We pulled open the warped screen door and a bell just above the frame signaled our arrival to the bored teenager at the front desk. She rested her chin on her knees, which were drawn all the way up to her chest and over which she had pulled an oversized high school football sweatshirt despite the heat. She scrolled absently through her phone, tucked inside a cotton cocoon.
“If you’re here for the baptism we’re all booked,” she said blandly without so much as a glance in our direction.
“We’re, uh, not here for a baptism,” I said and looked out at the parking lot, which was empty except Dan’s silver Corolla, now coated in dust from the road.
“Oh,” said the girl. Her eyes flicked up towards us and she looked us up and down. “Is there somewhere we can try next?” Dan says. “We’ve already been driving for hours and we’re kind of exhausted.”
“Don’t worry about it, we got rooms open.” She unfolded herself and hopped down from the chair. Satisfied that we had passed some sort of test, she gave us a gap-toothed smile. “Sorry. We just uh. Y’know. We get a lot of weirdos,” she said apologetically.
“For a baptism?” he asked.
The girl hesitated. “You guys are from out of town, right?”
“Kind of,” I said. “We’re here a lot. To see my mom. I grew up here.”
“Oh. Then you already know about the bee people.” She waved her hand dismissively and went to pull down a key from the wall behind her. “My boss doesn’t want us to say nothing about them. He thinks it’ll scare guests away.” She rolled her eyes. “Anyway.”
“So, what, they’re having a baptism now? What does that even mean?” he asked.
“I think technically it’s like, a lot of baptisms?” she said. “A bunch of them just go and walk into the lake and like, sing, I guess. It’s a whole thing.”
“Jesus,” I said.
“Honestly I’m surprised your mom never said nothing about it,” she said. “They’ve been doing them a couple times a year now.
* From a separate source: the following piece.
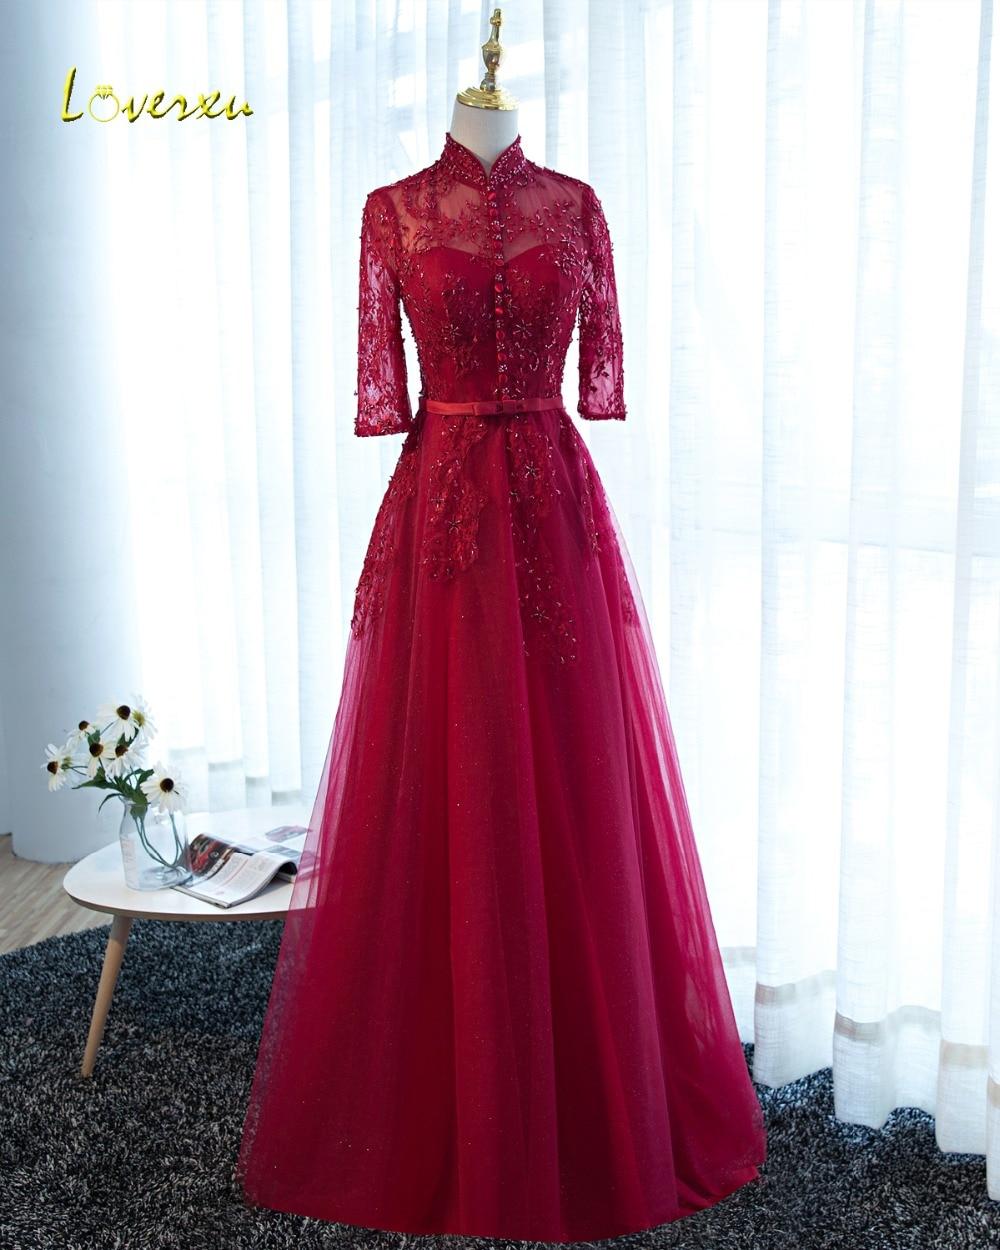 Loverxu Vintage High Neck Lace Half Sleeve Burgundy Evening Dresses 2019 Appliques Beaded Party Gown Vestido de Festa Plus Size

People’ve been freaking out about it.” And then she said, “It’s fifty-five for the night.”
“Yeah, well. My mom’s not much of a people person. She doesn’t stay up on that stuff I guess.” I pulled the cash out of my wallet and handed it to her. It was easier to pretend to this teenager that my mother was still alive, rather than handing over my loss with a handful of crumpled twenties. Easier to portray her as she was in life, avoiding neighbors in the grocery store, smoking a cigarette discontentedly on the front porch. I saw Dan looking at me from the corner of my eye, but he didn’t say anything. I tried not to make eye contact.
The girl shrugged and handed me my change from the register. “Honestly I don’t get why they don’t want us to say anything. I think it’d be good for business.”
“What makes you say that?”
The girl scoffed and settled back into her chair. “I mean, you watch TV, right?” she said. “Everybody loves a cult.”